With activity clearly happening already Schorr-Golsong is positive for the future. “As well as the expected pick-up in 2022 there is industry talk of an imminent renaissance in the offshore oil and gas industry,” he said. “Some of my colleagues in the US believe that the oil and gas sector could improve by as early as the middle of this year. That could boost the whole crane rope industry.”

Indeed, sister WireCo company, Lankhorst Ropes, has opened a new stockpoint site at the Port of Texas City, Houston, USA. The new site will be serviced by WireCo World Group partner Precision Tension Solutions and is designed to enable Lankhorst to further enhance its customer service to the varied rope users along the southern coast of the USA. The coast of Texas serves as a major hub for cargo shipping and break bulk, as well as the Gulf of Mexico’s oil and gas industry, says Lankhorst.

With demand currently coming from China, combined with the expected economic resurgence for the rest of the world following the roll-out of covid vaccinations in 2021, the long- term future of the rope market looks heathy. Add to the mix the possible boost from an oil and gas resurgence and the sector’s flag will be flying high.

Liebherr’s rope-based telescopic boom Telematik alternative
Rope-based telescopic boom

Crane maker Liebherr has developed a rope-based telescopic boom as an alternative to its Telematik hydraulic cylinder and pin system for the LTC 1050-3. 1 compact mobile crane. The first machines with the new telescopic boom will be delivered in the second half of 2021.
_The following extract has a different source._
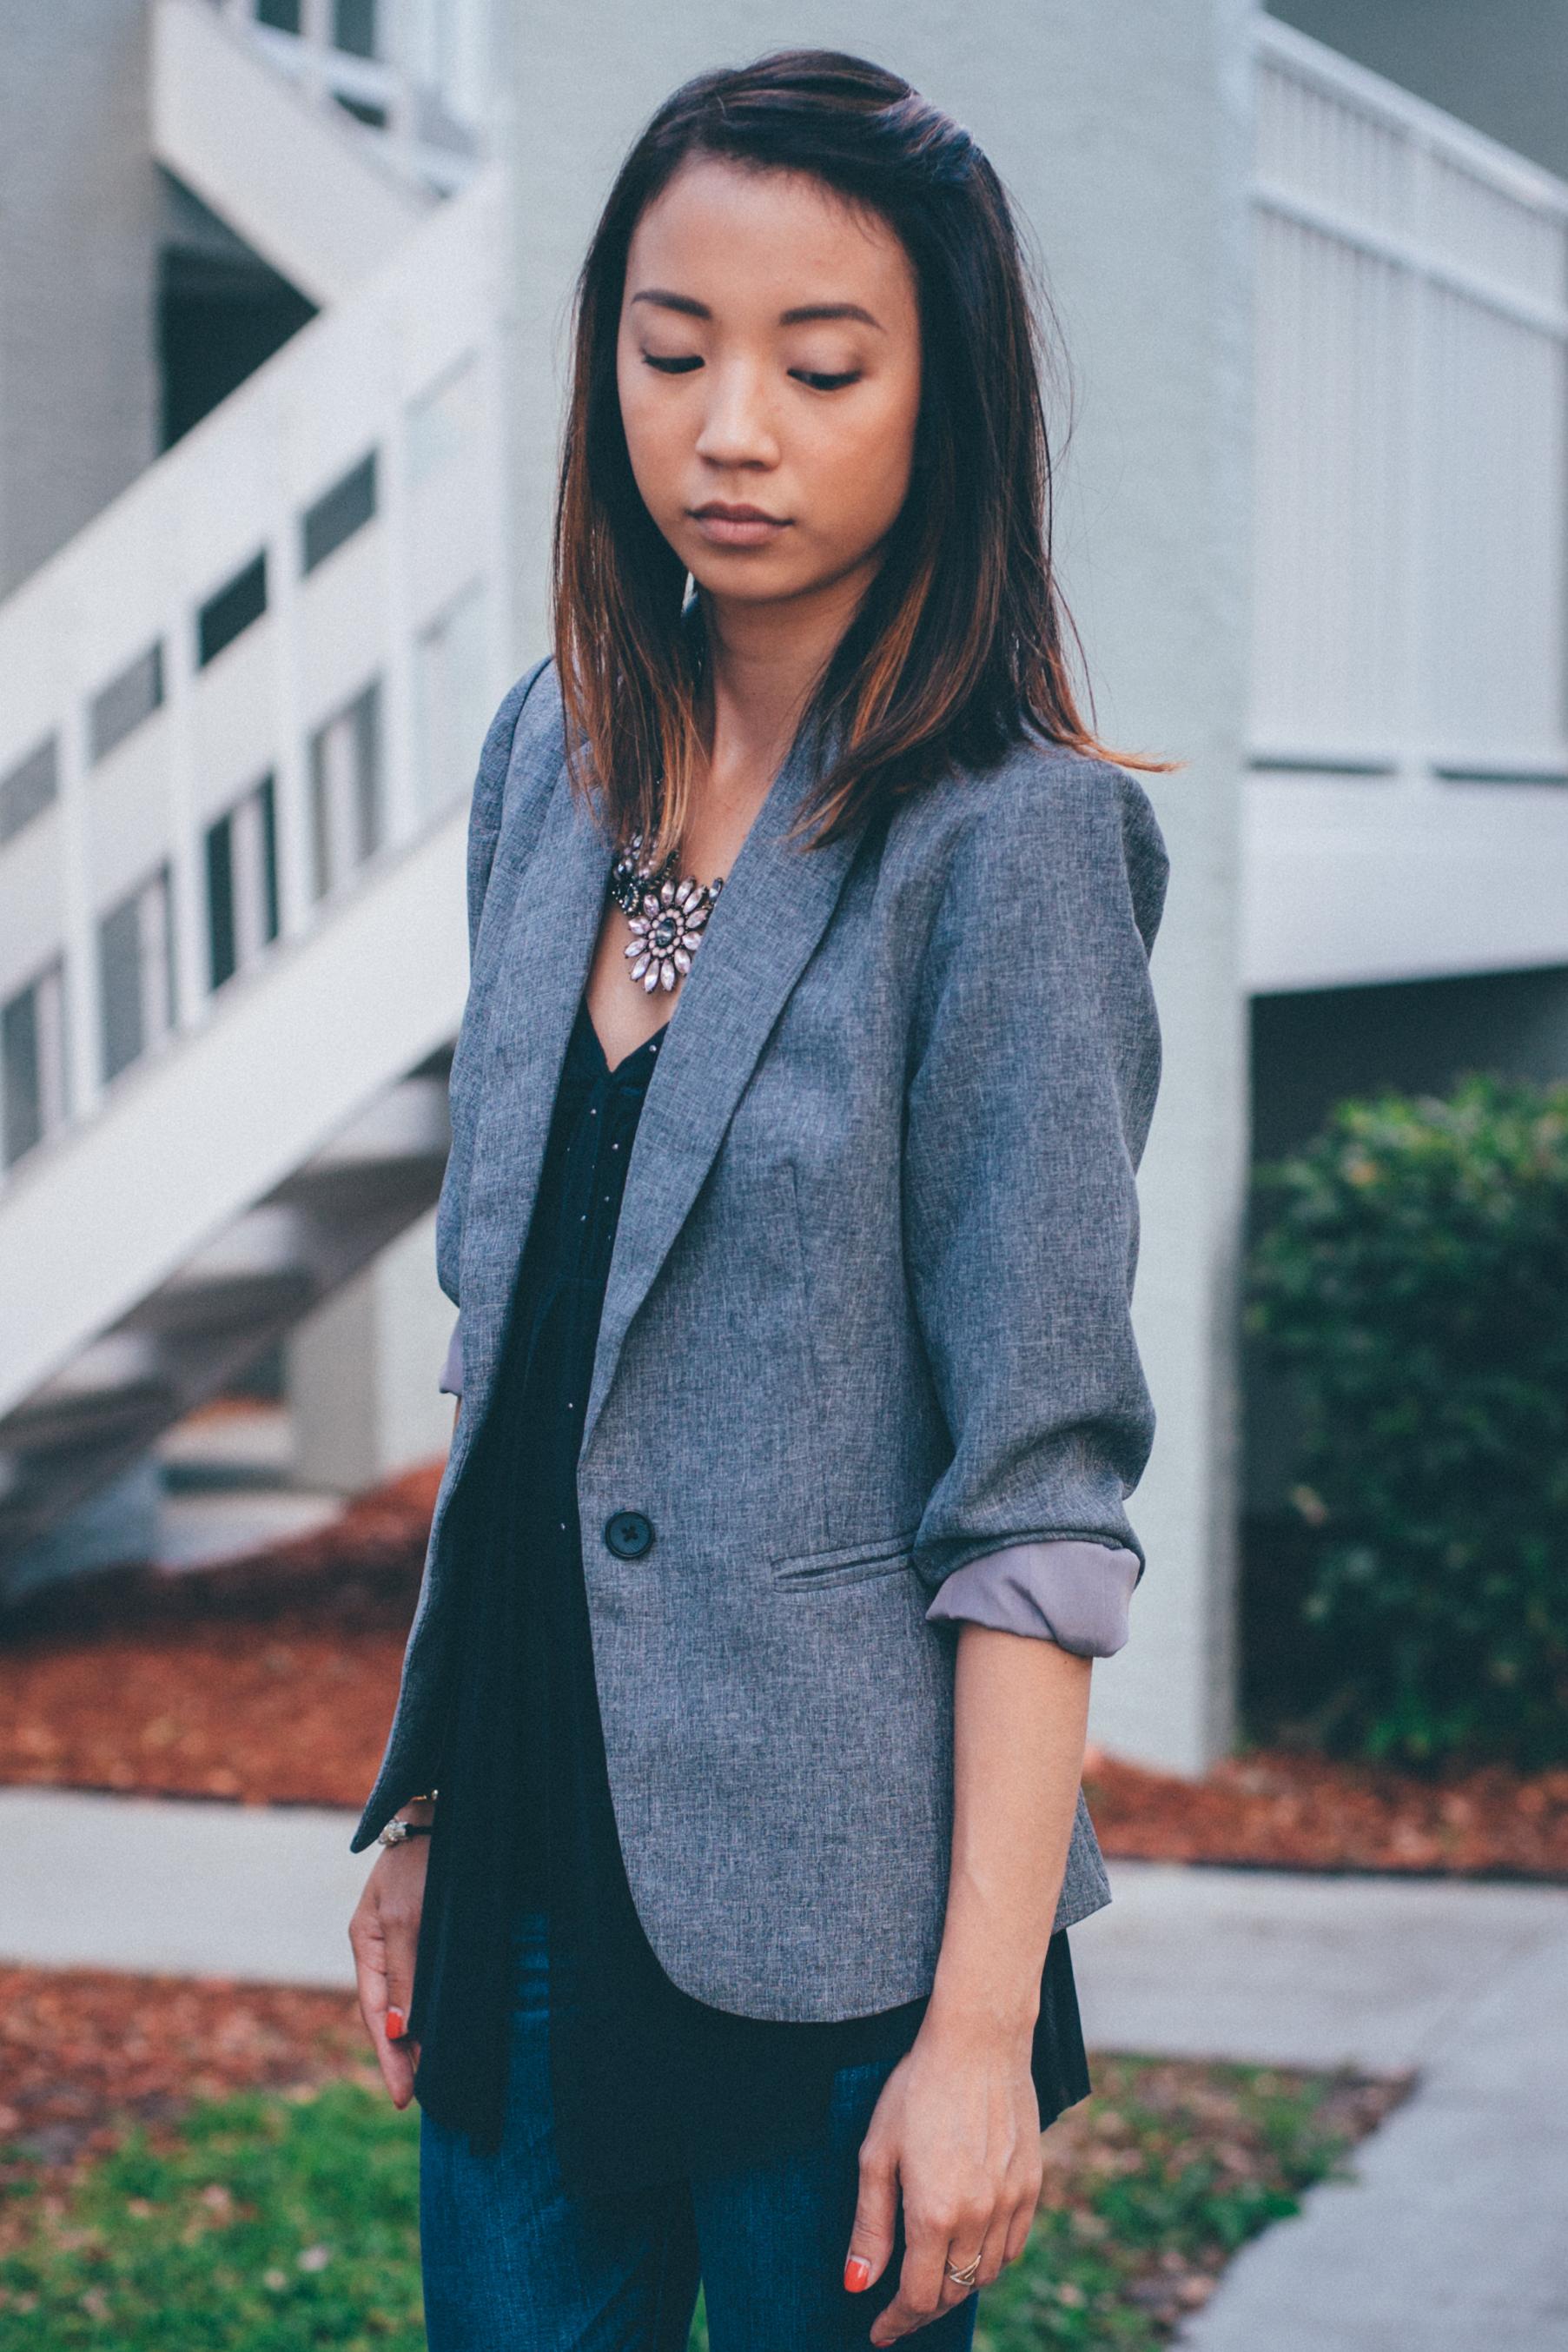 This Jenn Girl - Shein Gray Blazer 2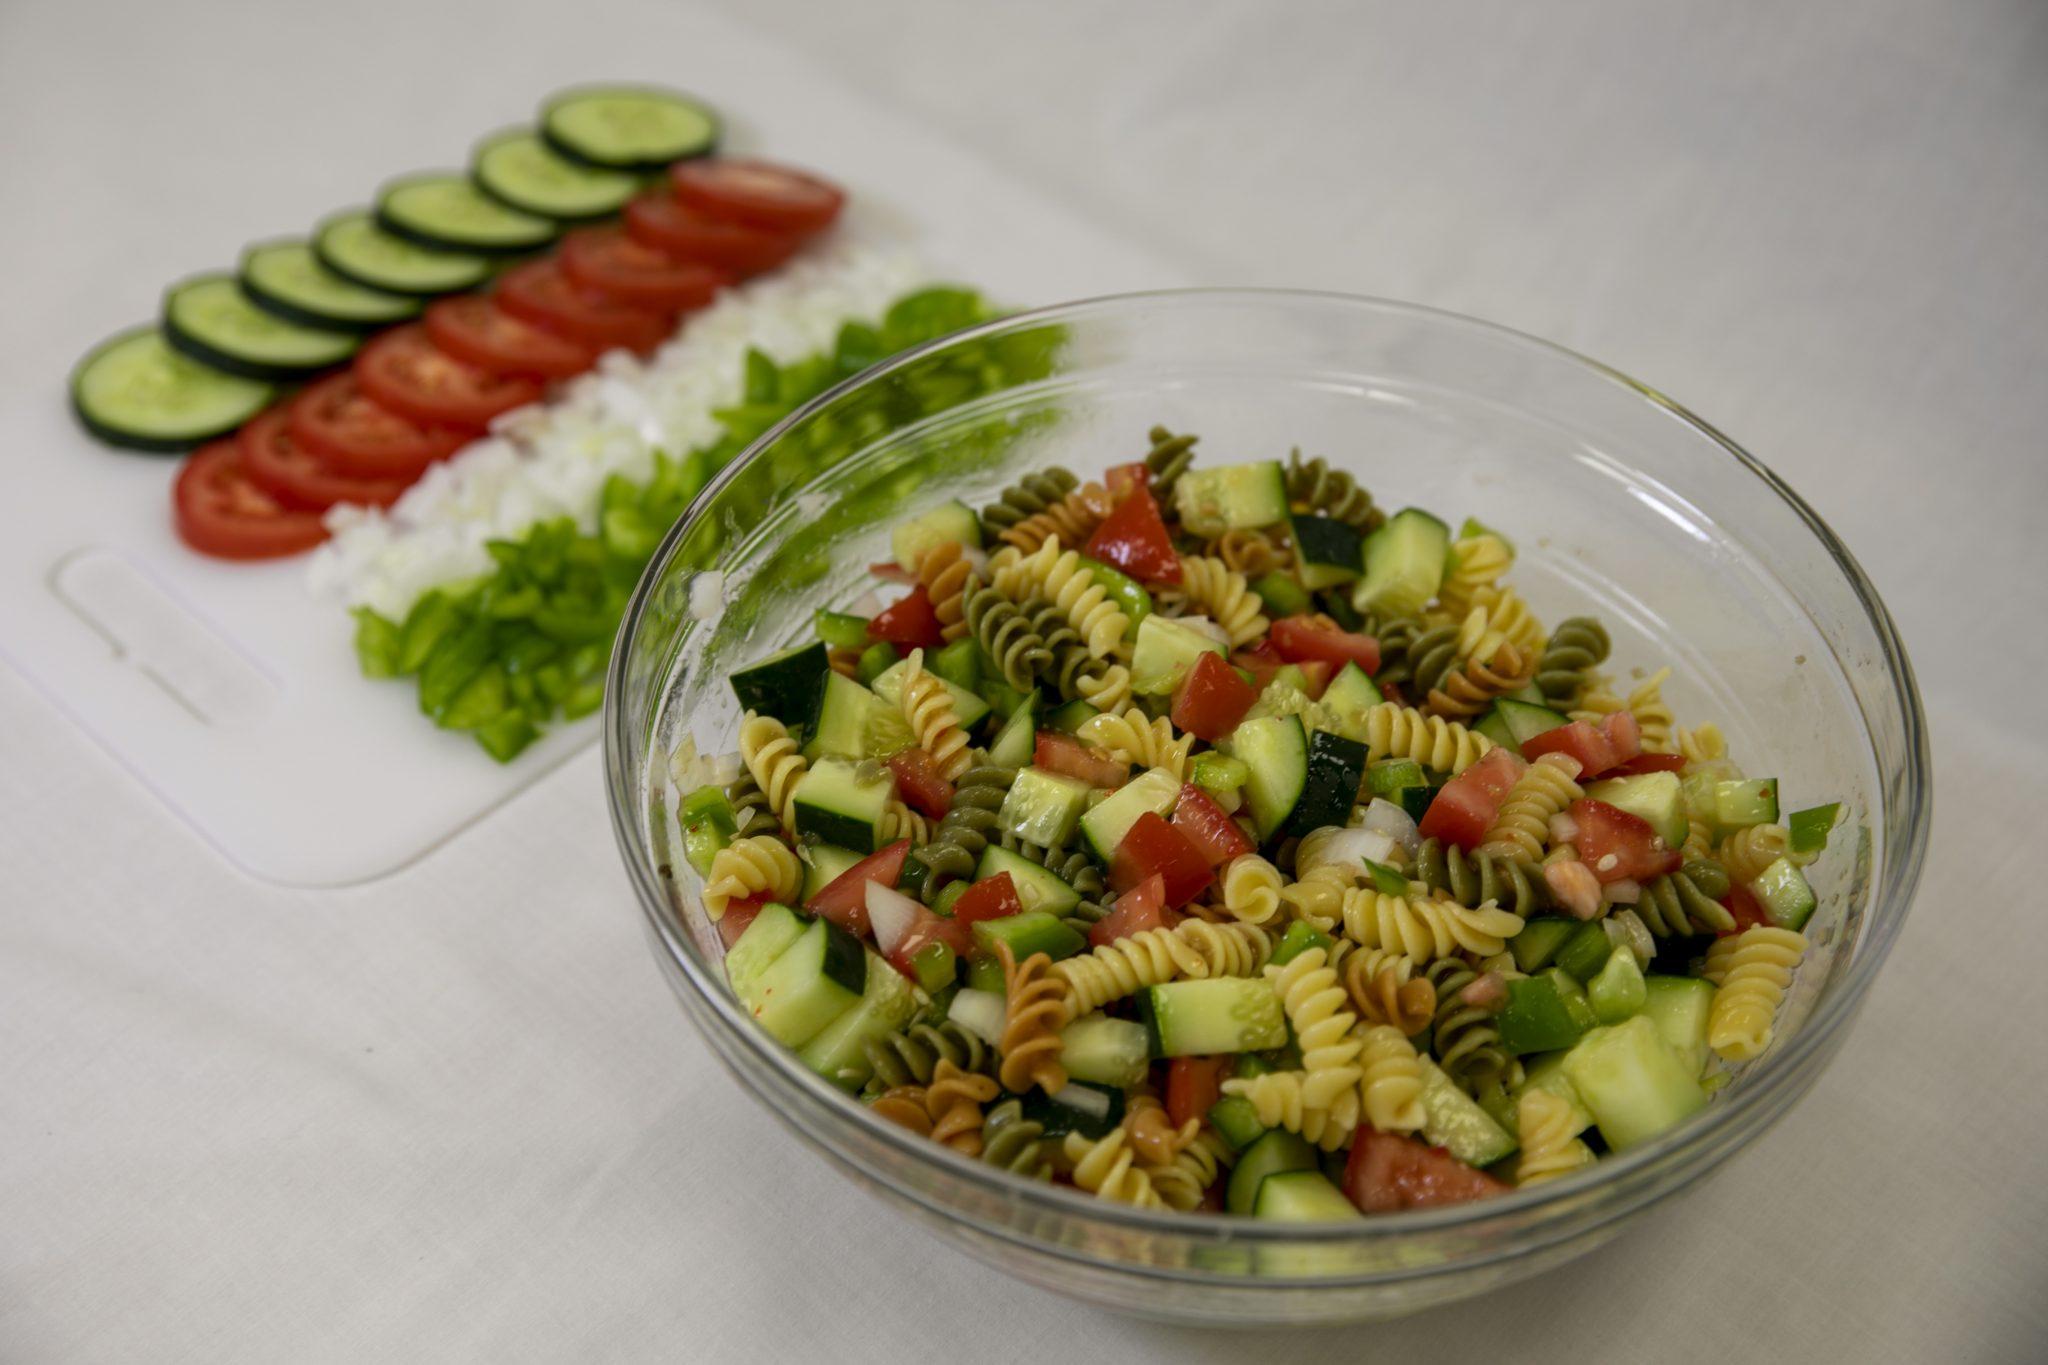 Picnic Pasta Salad

The rope-based system provides faster telescoping, says Liebherr, and it believes many mobile crane operators in the lifting capacity class up to 50 tonnes are already familiar with rope pull technology. The rope-based boom comprises a pivot section and four telescoping sections – one less than the Telematik boom. It has a full length of 31 metres compared to the Telematik’s 36 metre telescopic boom. It is aimed at indoor applications, however, where the full length of the boom is not necessary and operators will benefit from being able to easily reset the boom to the exact length they require.